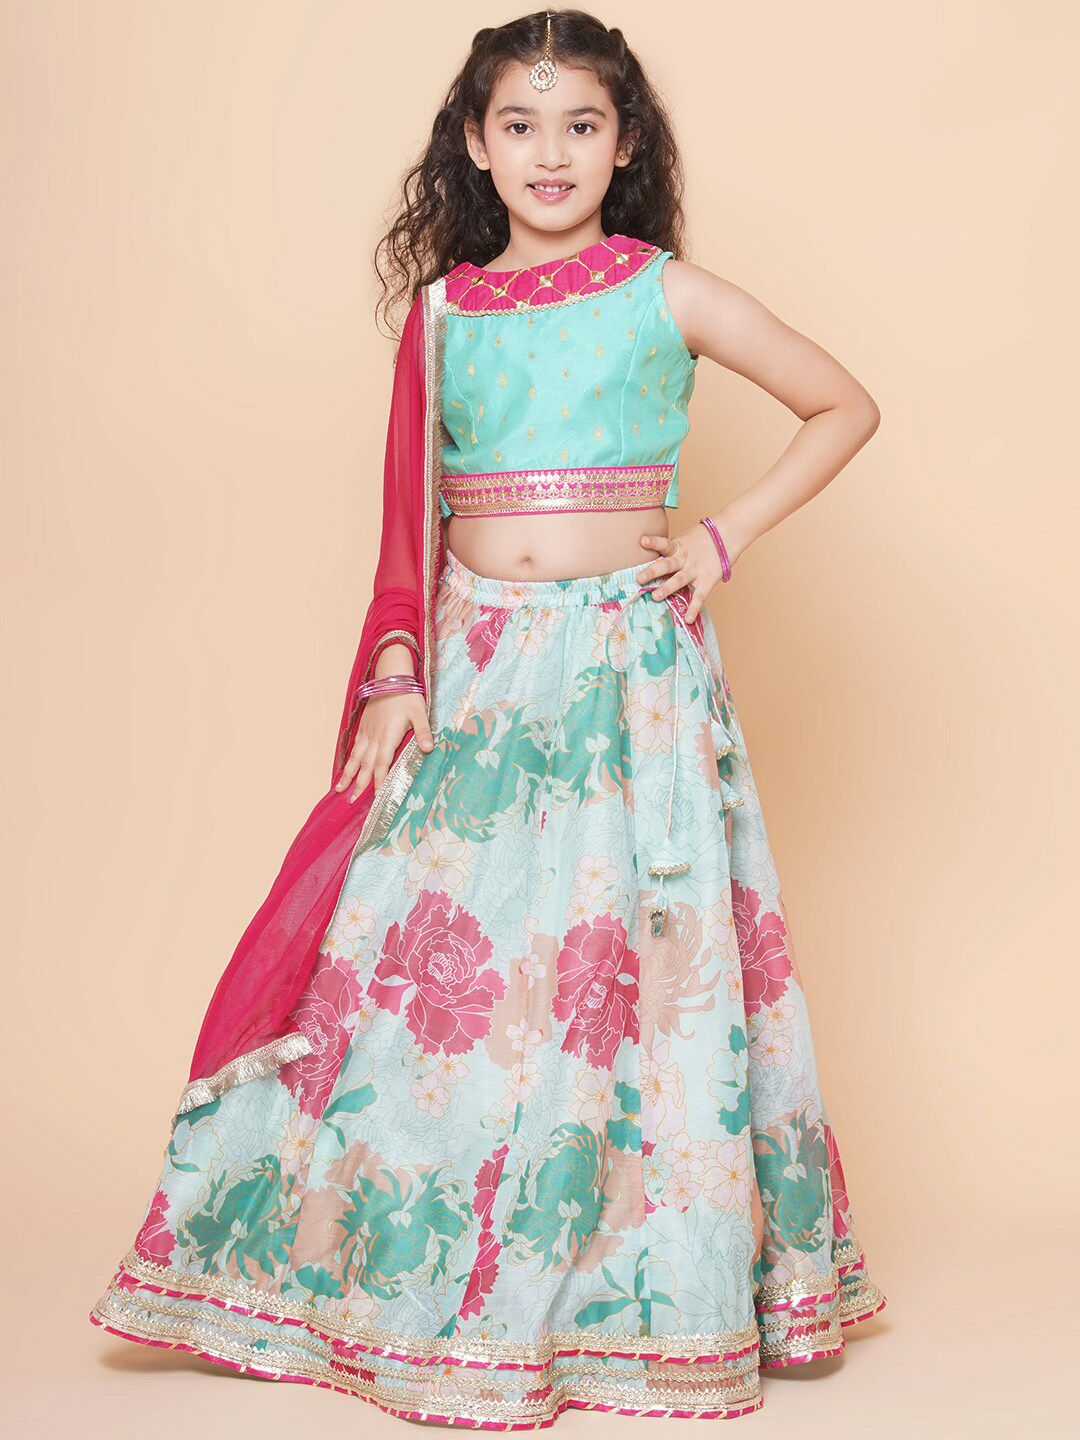 Bitiya by Bhama Girls Floral Printed Ready to Wear Lehenga & Blouse With Dupatta Price in India
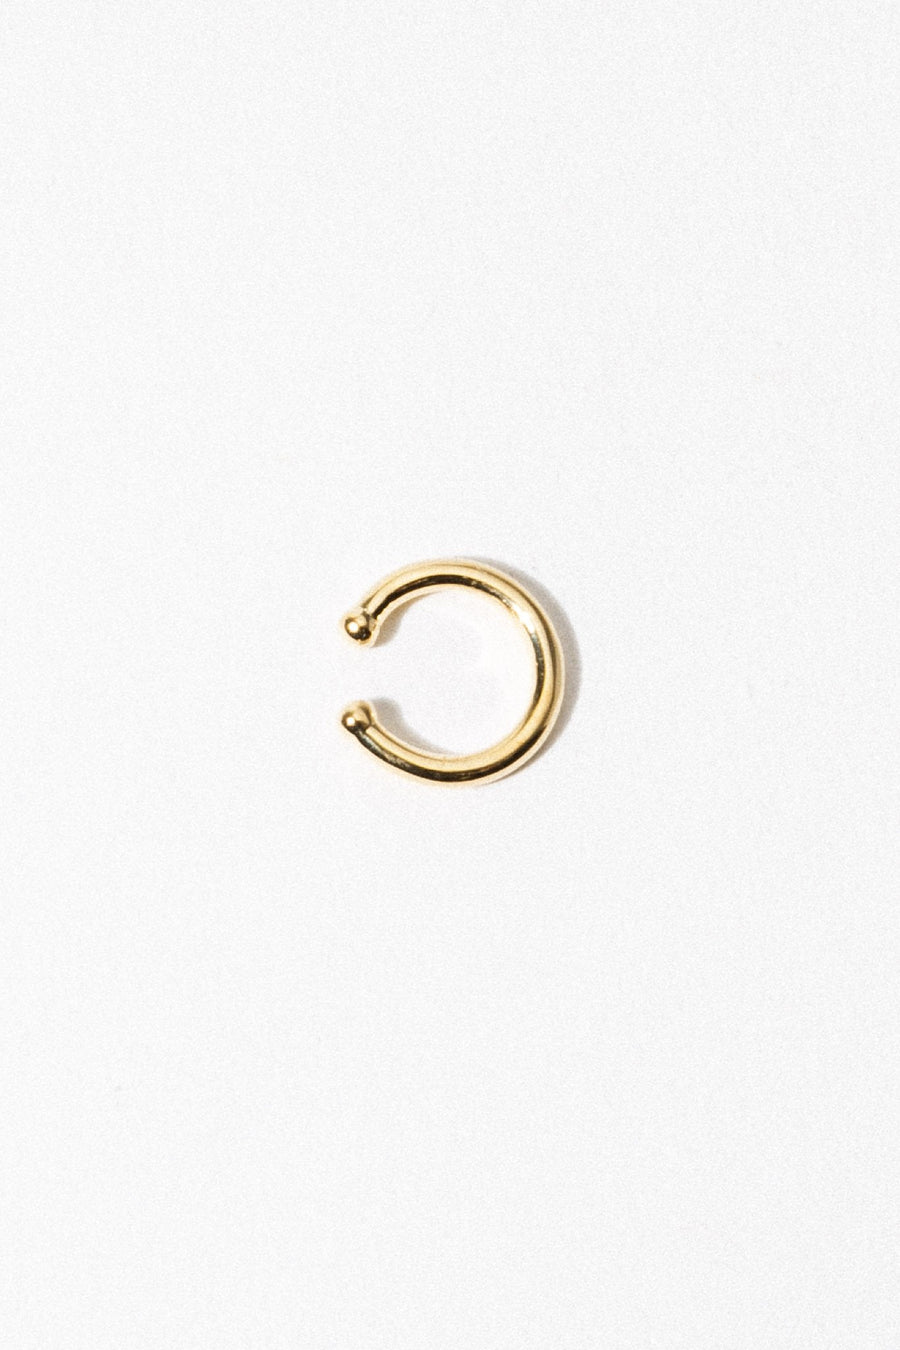 Wildthings Collectables Jewelry Gold Classic Earcuff
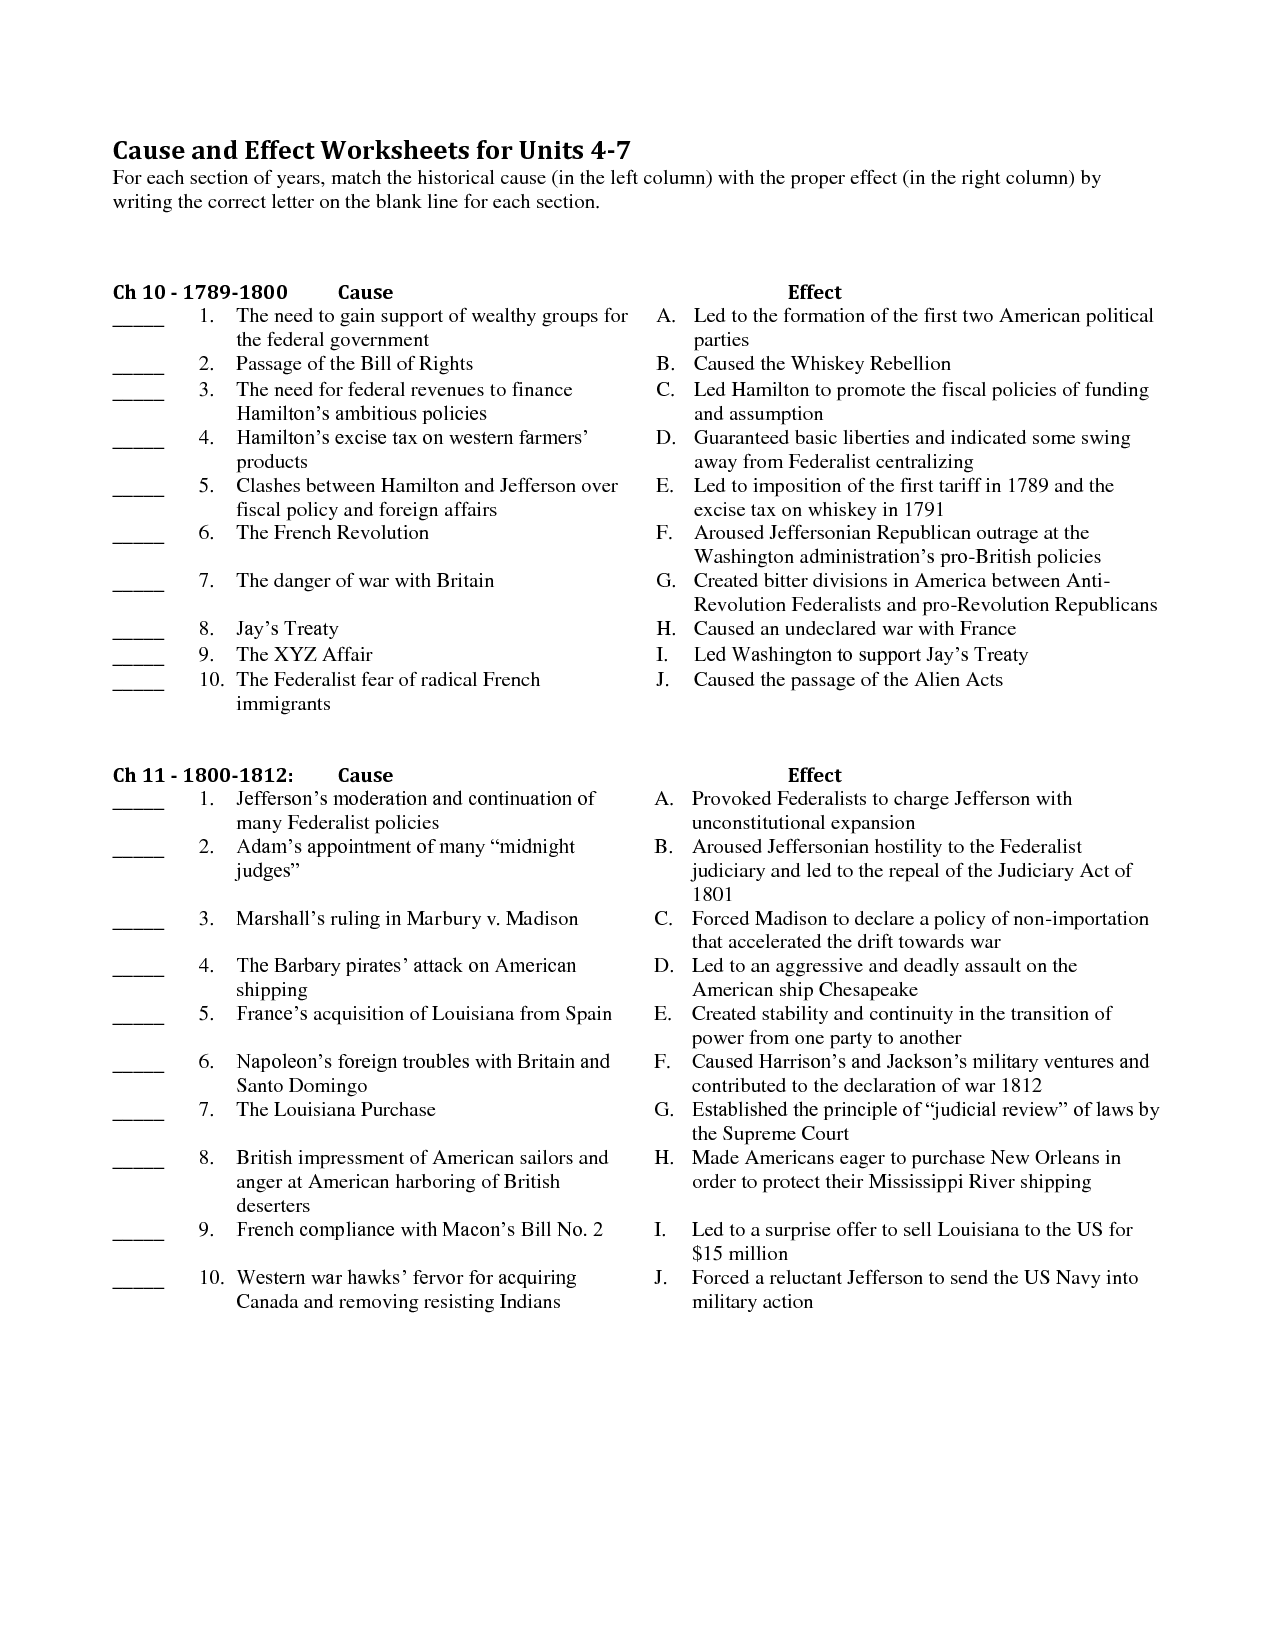 9 Best Images of Cause And Effect Blank Worksheets - Cause ...
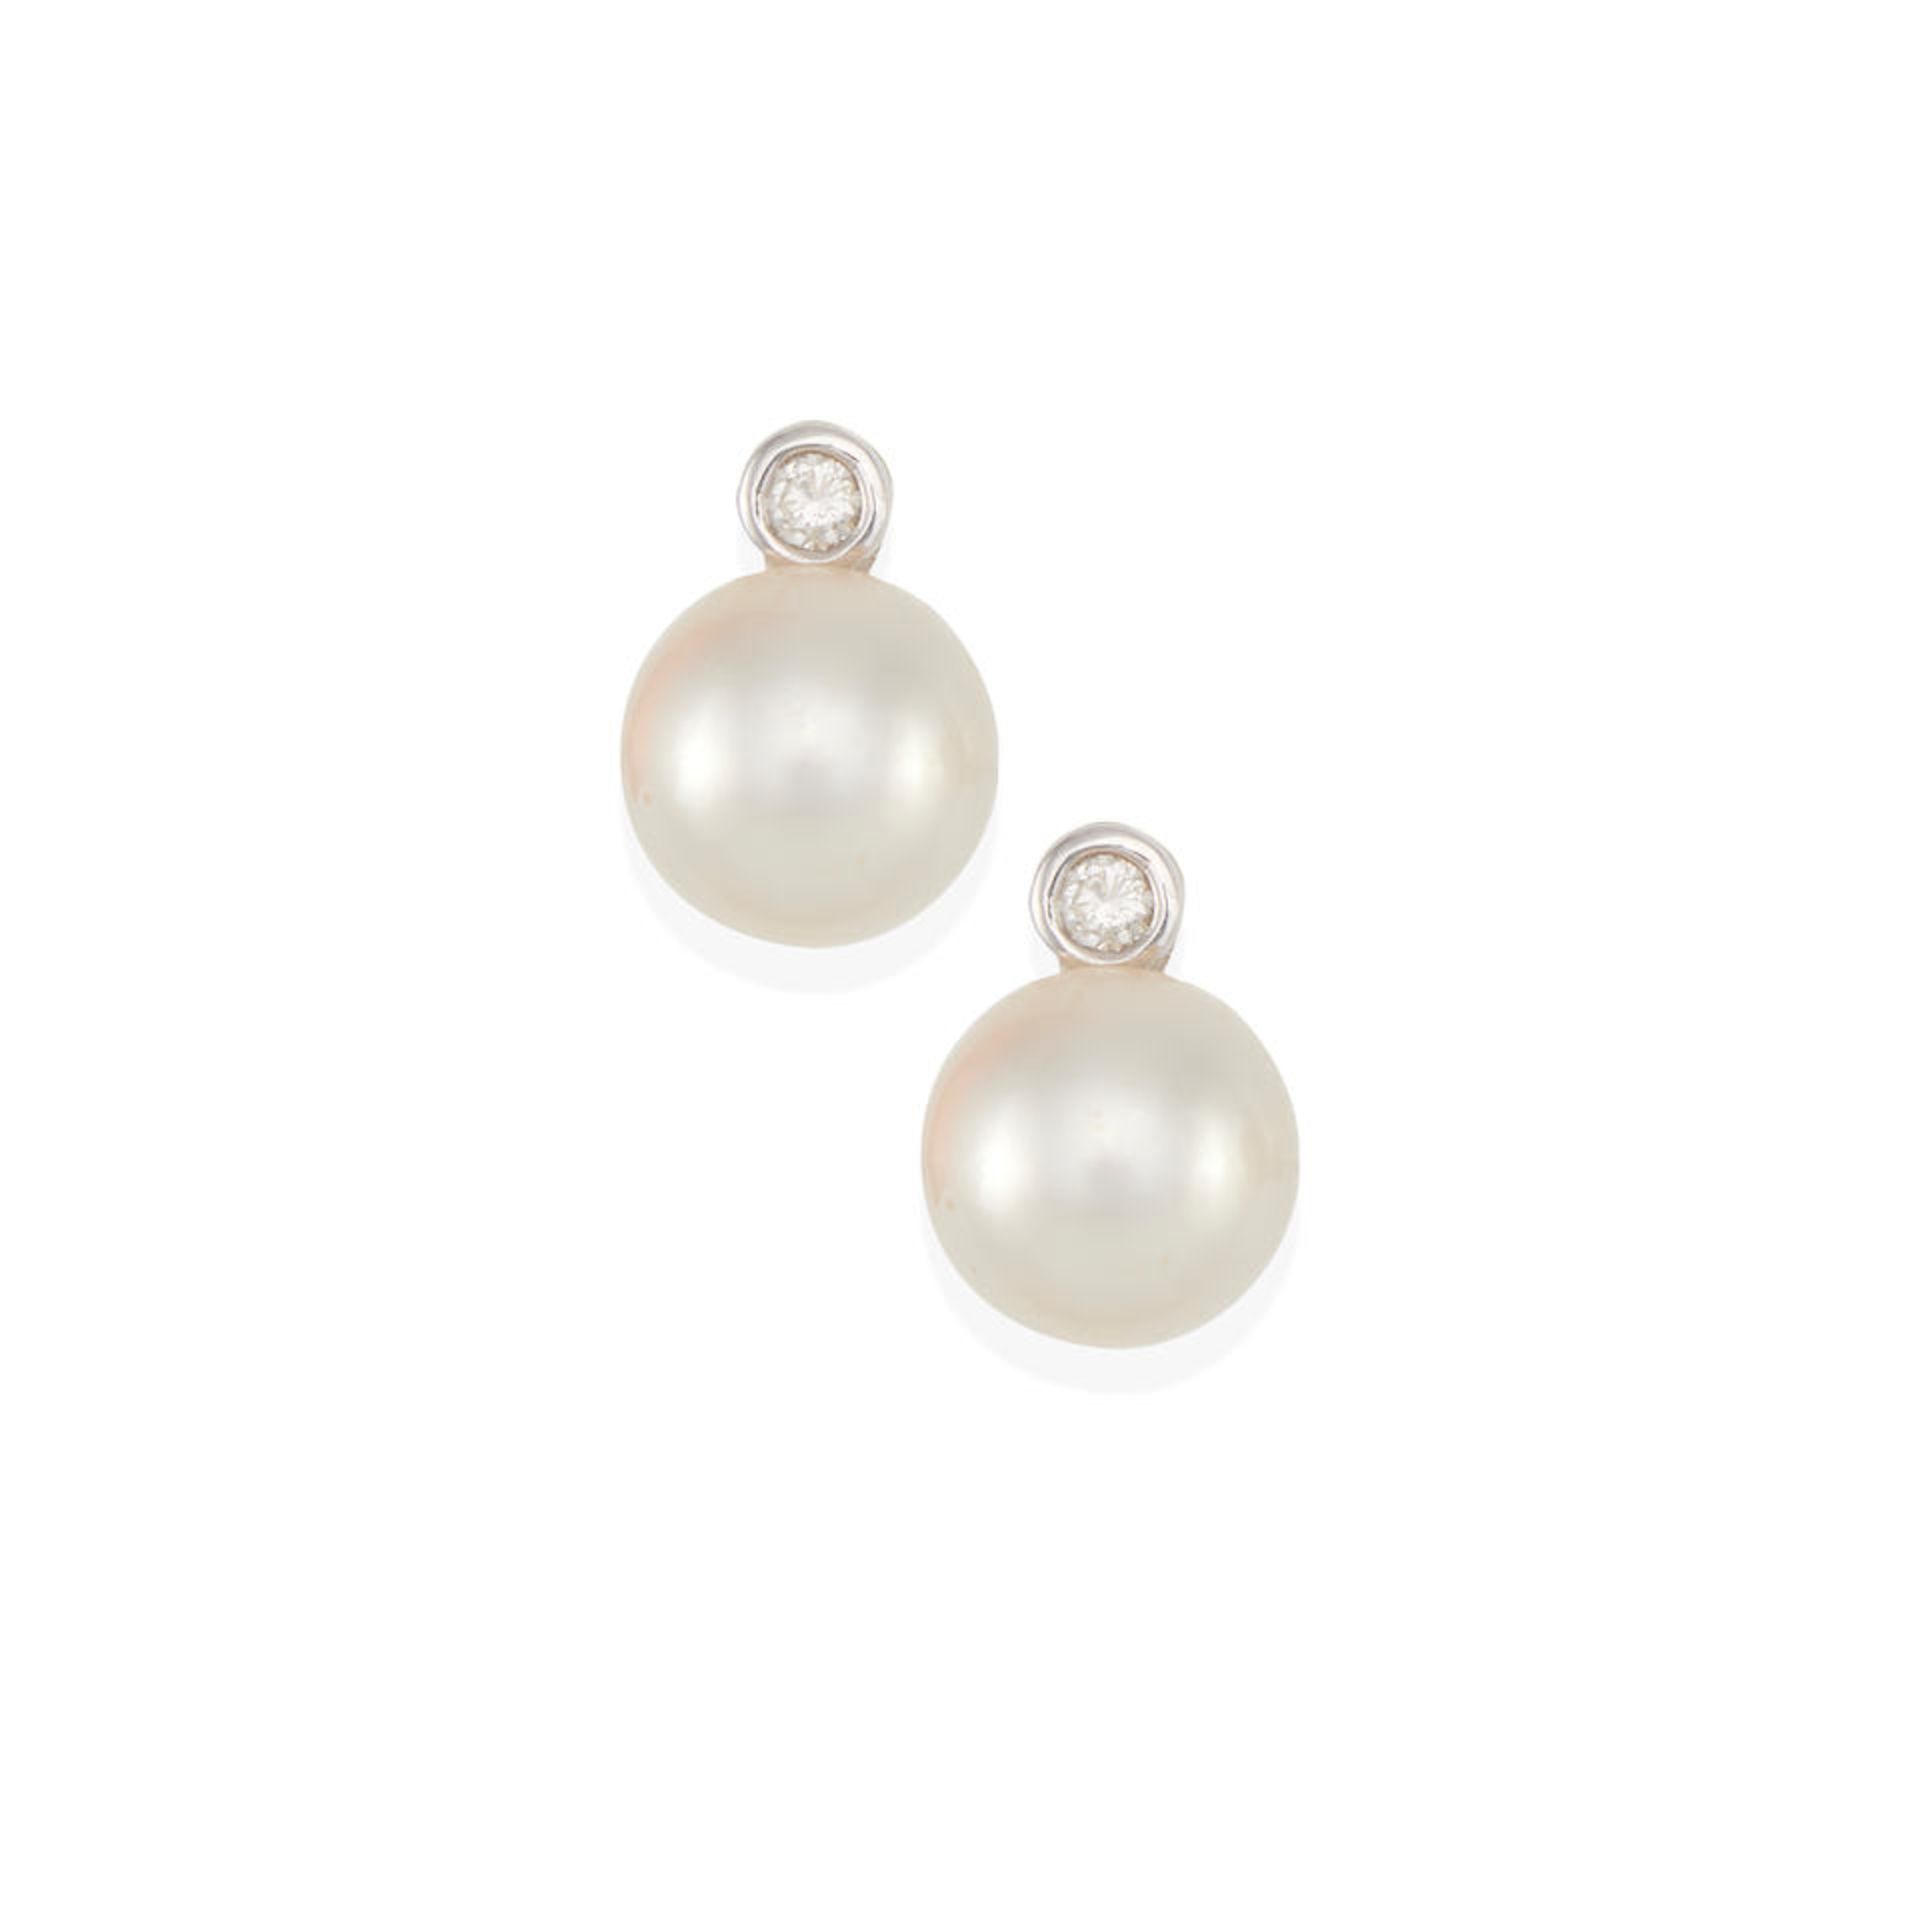 A PAIR OF 18K WHITE GOLD, SOUTH SEA CULTURED PEARL AND DIAMOND EARRINGS
---+---
§ Exercise description
The data above must be reproduced exactly, without any of its pictures.

§ Solution to the problem
 Bitiya by Bhama Girls Floral Printed Ready to Wear Lehenga & Blouse With Dupatta Price in India
 Wildthings Collectables Jewelry Gold Classic Earcuff
 9 Best Images of Cause And Effect Blank Worksheets - Cause ...
 A PAIR OF 18K WHITE GOLD, SOUTH SEA CULTURED PEARL AND DIAMOND EARRINGS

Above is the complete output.